A decrease in GSH in organelle pools may be more specifically related to differential sensitivity to ceramide. A large decrease in the cytosolic pool of GSH, such as the one observed in the TNFs cells, will likely decrease GSH in the mitochondria. A decrease in mitochondrial GSH will cause alterations in mitochondrial Ca2+ homeostasis and loss of activity of respiratory chain complex IV (Casini et al., 1987; Richter et al., 1995
). Recently, Garcia-Ruiz et al. (1997) have reported a direct effect of ceramide on mitochondrial electron transport in isolated rat hepatocytes, which was potentiated by depletion of GSH. Therefore, our observed decrease in cellular GSH may be part of a series of intracellular responses to ceramide-induced oxidative stress that involves mitochondrial dysfunction. Indeed, Quillet-Mary and coworkers (1997) reported that C6 ceramide induced H2O2 production in human myeloid leukemia cells, which appeared to be generated at the ubiquinone site of the mitochondrial respiratory chain. C2-ceramide was shown to increase H2O2 generation and decrease the function of rat liver mitochondria (Arora et al., 1997
; Cai et al., 1997
; Garcia-Ruiz et al., 1997; Gomez et al., 1996
). Considering these reports and our observed GSH decrease in TNFs cells, the difference in the observed sensitivity of the TNFs and TNFr cells to ceramide may lie at the level of the mitochondria.

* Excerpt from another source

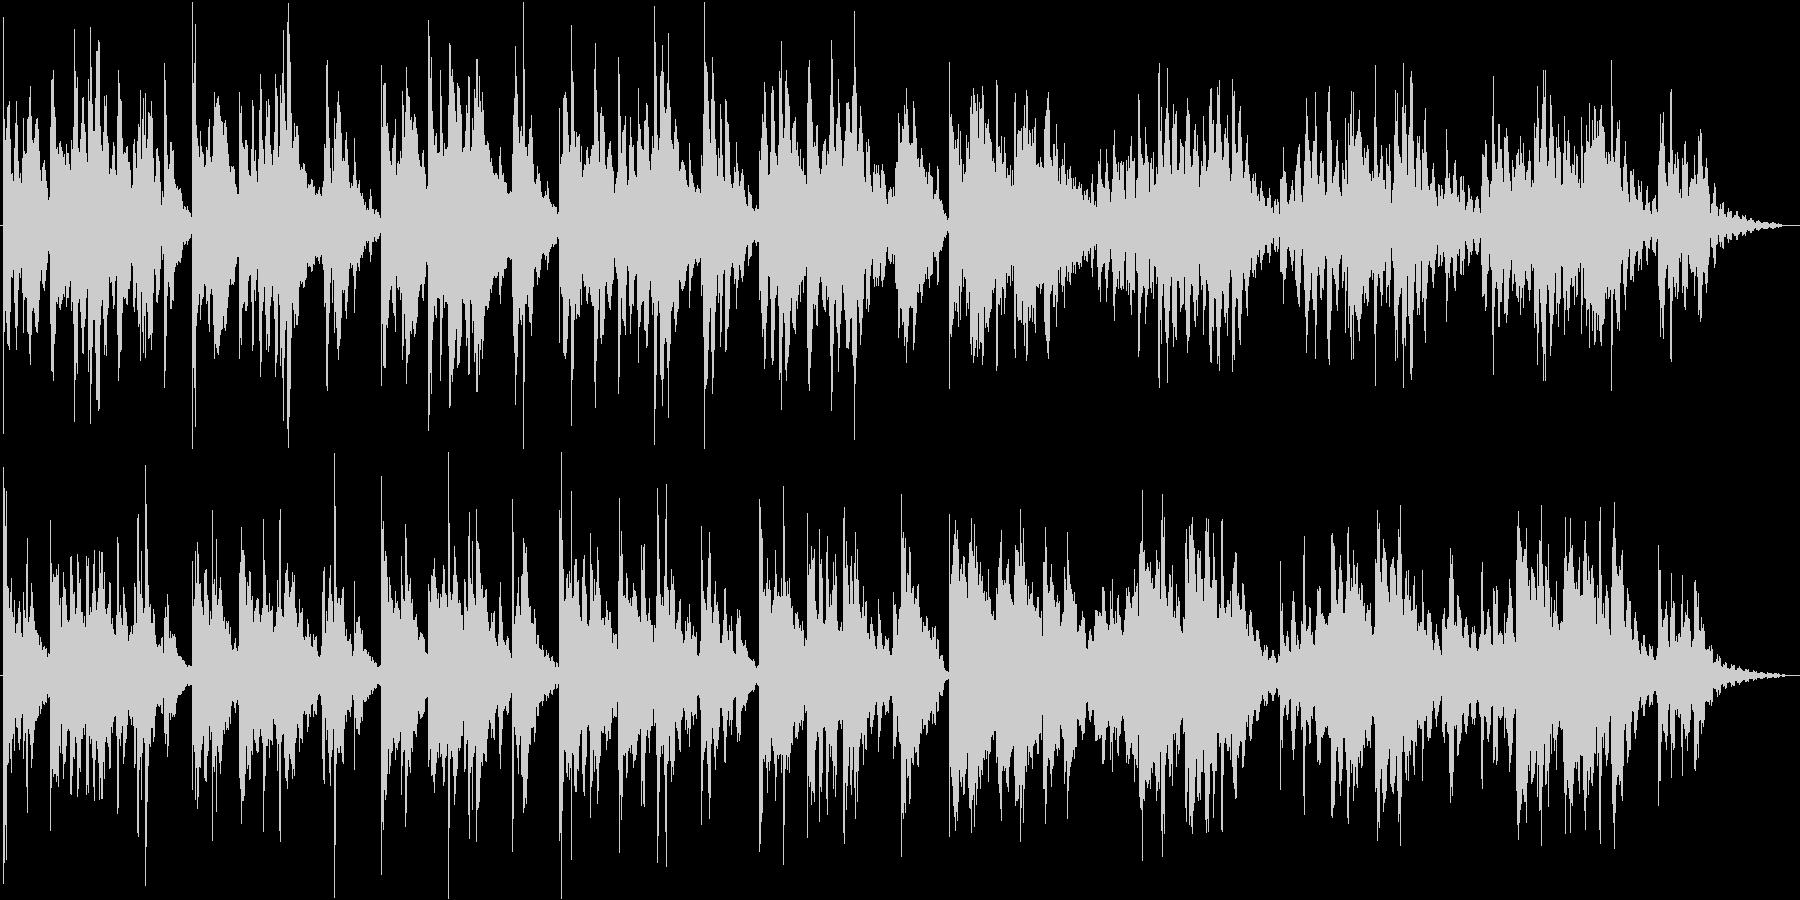 雨のようなエレキピアノとベルの響きの未再生の波形

Exogenous short-chain ceramides have been used to examine the multiplicity of intracellular responses elicited by ceramide generation. The exogenous ceramide used in this study is equivalent to endogenous ceramide generated in the acidic (lysosomal/endosomal) compartment, which is released by acidic sphingomyelinase (Higuchi et al., 1996; Santana et al., 1996
), and not the neutral sphingomyelinase-generated ceramide (cytosol/inner and outer leaflet of cell membrane; Zhang et al., 1997
). The distinct pool of acidic sphingomyelinase-released ceramides has been implicated as the "Cell Death Pool" of endogenous ceramide (Pena et al., 1997
). The reason for two distinct biological responses to the alternate sphingomyelinase pools is not clear. As implied by our results, loss of GSH may determine the pathway of death for the cell (apoptosis vs. oncotic necrosis) and may contribute to the mechanism of these distinct biological responses. Furthermore, access of generated ceramides to cellular GSH pools may also explain the distinct biological responses to alternate sphingomyelinase pools. Distinct GSH pools can be found in the mitochondria, nucleus, cytoplasm, and endoplasmic reticulum (Smith et al., 1996
). Depletion of these pools will have different consequences for the cell (Mithofer et al., 1992
; Reed and Fariss, 1984
). Therefore, the effect of ceramide on each of the distinct pools of GSH will be important to determine.
In summary, our observations demonstrate the coupling of cellular redox potential to ceramide-activated cell death. Genetic variants sensitive to ceramide killing show elevated ROS and decreased GSH while the sensitive cells show neither. Since the redox potential differs between cell types and because GSH contributes to the regulation of Redox potential, it follows that susceptibility to ceramide-induced cell killing will be regulated in part by cellular glutathione levels. Indeed, specific elevation of GSH decreases both the ROS generation and the cell killing induced by ceramide. The effect of accumulating ceramide during systemic stress in disease, tissue injury, or ischemia may be to potentiate the cytotoxic effects of inflammatory cells. Depending on the cells microenvironment (i.e., solid vs. soft tissue or lymphatic tumor, oxygen tension, endogenous metabolism, GSH levels) ceramide may have a major impact on cell survival in vivo.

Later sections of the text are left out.